Two implementation tensions stand out. First, the owner-consent acquisition rule protects private property rights but also prevents the Forest Service from using eminent domain to assemble lands or permanent easements inside the boundary.
That choice reduces the risk of takings challenges, but it also constrains large-scale habitat restoration, floodplain reconnection, or unified public access projects that rely on acquiring inholdings. Second, the bill simultaneously locks in protection for river values and preserves full development of existing water rights.
Those twin commitments can conflict: if senior water rights are exercised to the full extent, streamflows needed to sustain 'outstandingly remarkable values' (especially fish and recreation) may be diminished, producing management situations where legal water rights and conservation objectives diverge.
There are also practical ambiguities. The statute names start and end points but does not attach maps or coordinate data in the text, so boundary precision will depend on implementing documents.

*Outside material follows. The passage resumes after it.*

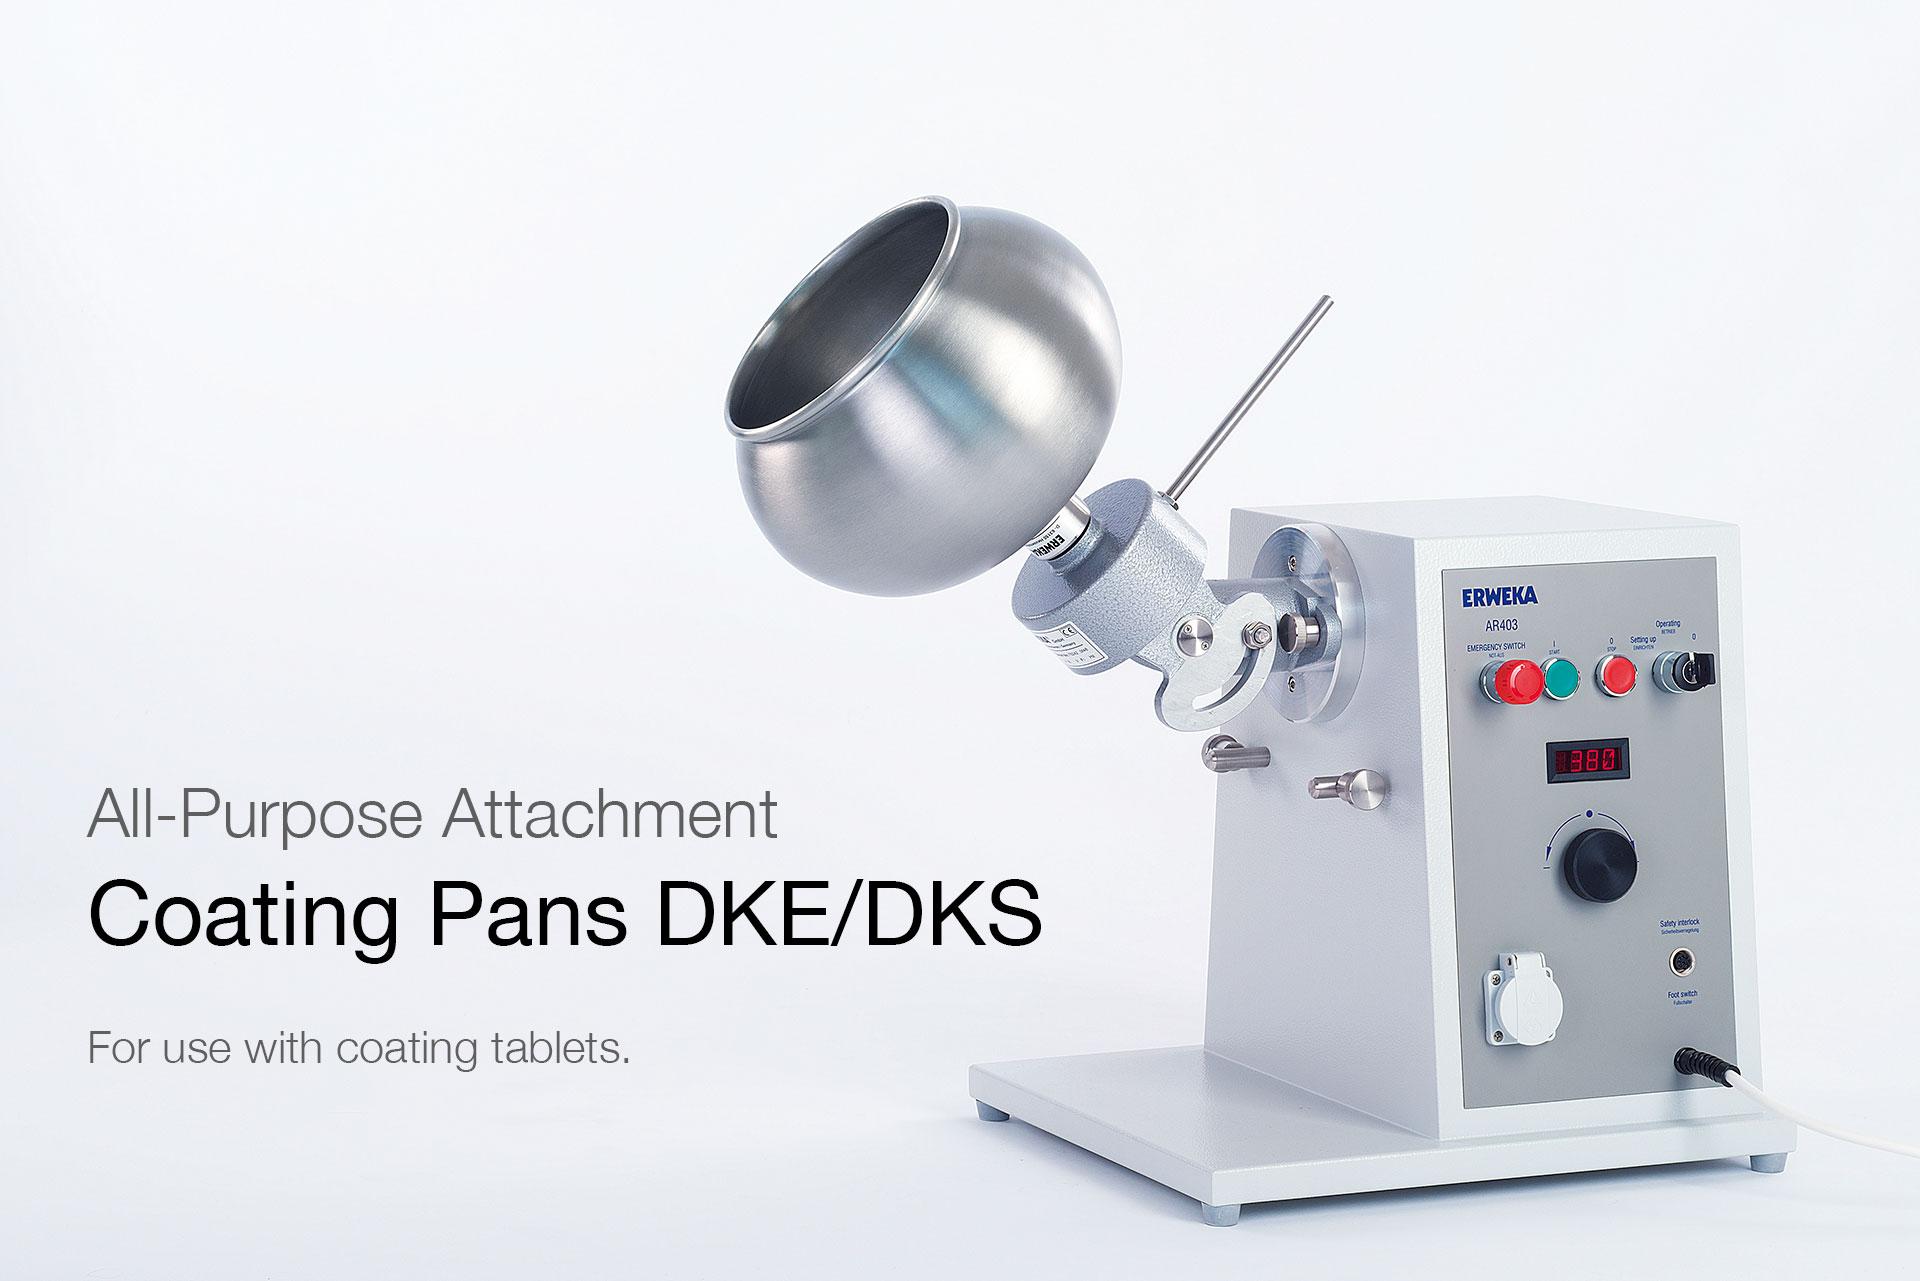 R D Coatings Coating Pans DKE/DKS -...

The hydropower carve-outs reduce legal friction with FERC, but they do not eliminate substantive environmental review requirements; FERC decisions under section 4(e) can still be challenged based on cumulative impacts or downstream flow regimes. Finally, the bill authorizes open-ended appropriations without specifying an implementation timeline or funding levels, creating a risk that protections exist on paper but lack the funding needed for monitoring, permitting, and enforcement.